According to Chinese military expert, Wei Dongxu, this will help the radar to hunt an aerial target, give the stealth fighter jets’ exact coordinates “by synthesizing parameters and data gathered by the radar under the support of advanced algorithms.”
“Since the radar can now see stealth aircraft clearly and track them continuously and accurately, it could become capable of guiding long-range anti-aircraft missiles and landing precision strikes on them,” Wei told the Chinese tabloid.
Meanwhile, China isn’t the first country to boast of the anti-stealth radar. In 2018, Russia revealed P-18-2 (an evolved version of Soviet-era P-18), surveillance and targeting radar, capable of detecting targets that use stealth technology.

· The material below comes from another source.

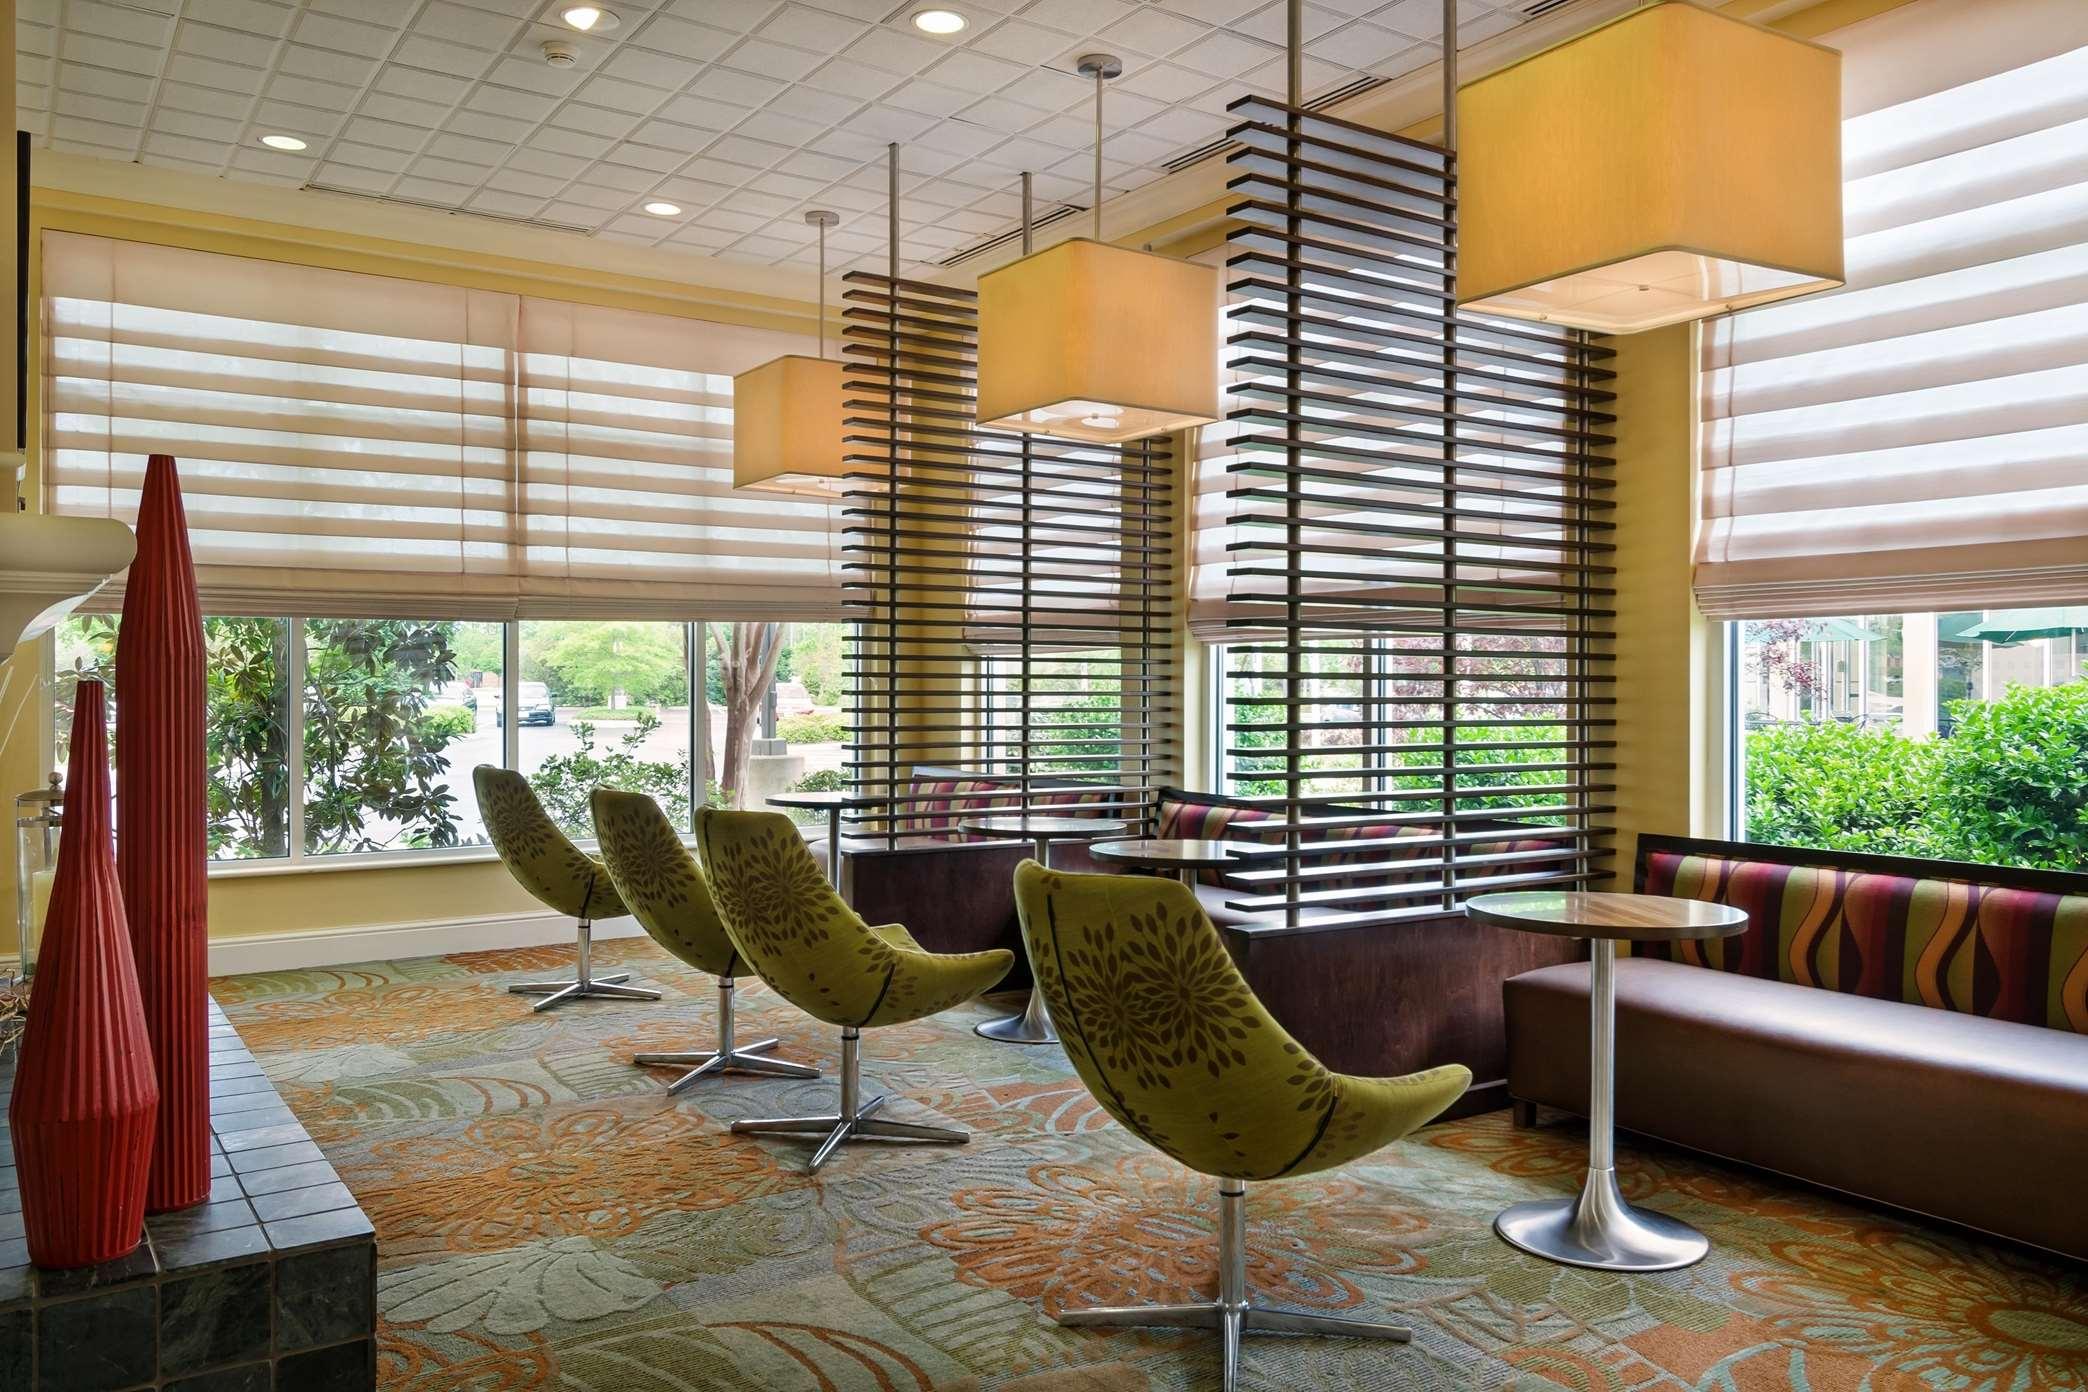 Hilton Garden Inn Newport News image 8

P-18-2 radar is highly mobile and is able to receive additional (flight) information from airborne transponders using the integrated secondary radars. Rosoboronexport, the sole state intermediary agency for Russia’s exports/imports defense-related products, touted it as a Very High Frequency (VHF) radar with azimuth coverage upto 360 degrees.
It can be used for “detection, tracking, coordinates measurement (distance and azimuth), and state attribution of various flying objects in demanding active and passive jamming environment, active noise jammer direction finding,” it said.
Wu noted that while other countries are also developing such radars, he is confident that Chinese ones are “the best”. “As for now, I do not see a meter wave air defense radar from abroad that can match the criteria of the advanced meter wave radar [like the one China has],” he concluded.